China Research Seminar event featuring a screening of the ethnographic film by Gennie Zhang.
The film is about 39 minutes long. The screening will be preceded by a brief introduction and followed by a discussion.
‘House of Goddesses: The Living Need Light, The Goddesses Need Meat’ takes viewers on a visual and musical journey into the ritual traditions of Chen Jinggu (陳靖姑, Lady of Linshui) in Wenzhou, a city situated in coastal southeastern China. The documentary delves into the village's rituals dedicated to the goddess and her maids. It initiates a dialogue on how the goddess statue at the Niangniang Palace (娘娘宮) ‘marries’ into the region through an eye-opening ritual where the goddess statue becomes imbued with the goddess’s essence, followed by a meat feast. The goddess then becomes the village’s protector and assumes two distinct personae and relationalities: the idol (偶像) of worship and the newly married deity (配偶). This ethnographic project challenges conventional notions of gender, family, and religion, transcending modern societal constructs. Such nonconformity sheds light on the limitations of present-day kinship categories in Chinese society, while also exploring the possibilities of relationships between and among humans and goddesses that extend beyond these fixed categories.

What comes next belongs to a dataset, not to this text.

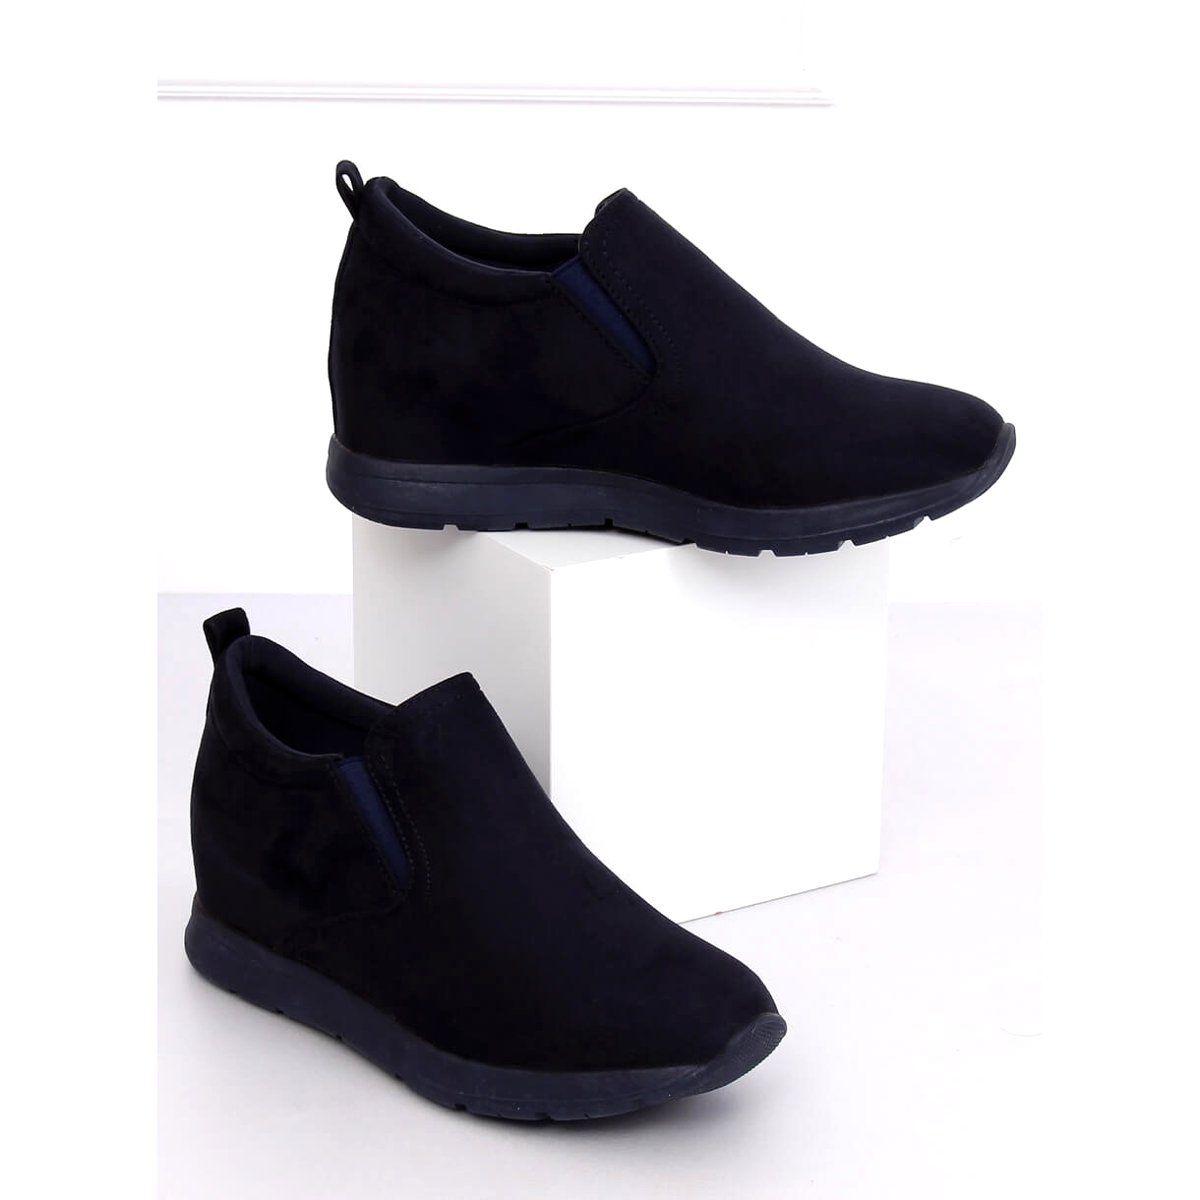 Polbuty Na Ukrytym Koturnie Granatowe Zy 7k67 Blue Shoes Slip On Sneaker Sneakers

Gennie Zhang is a first-year Ph.D. student at the Faculty of Asian and Middle Eastern Studies at the University of Cambridge. She received her MA in Anthropology at Columbia University. Her primary research centres around the vitality of Chinese goddesses along the coastal regions of contemporary China. Her scholarly interest extends to the intricate dynamics within goddess veneration, the interplay between performance, text, and context, as well as the interactions between ritual practitioners and kinship influences.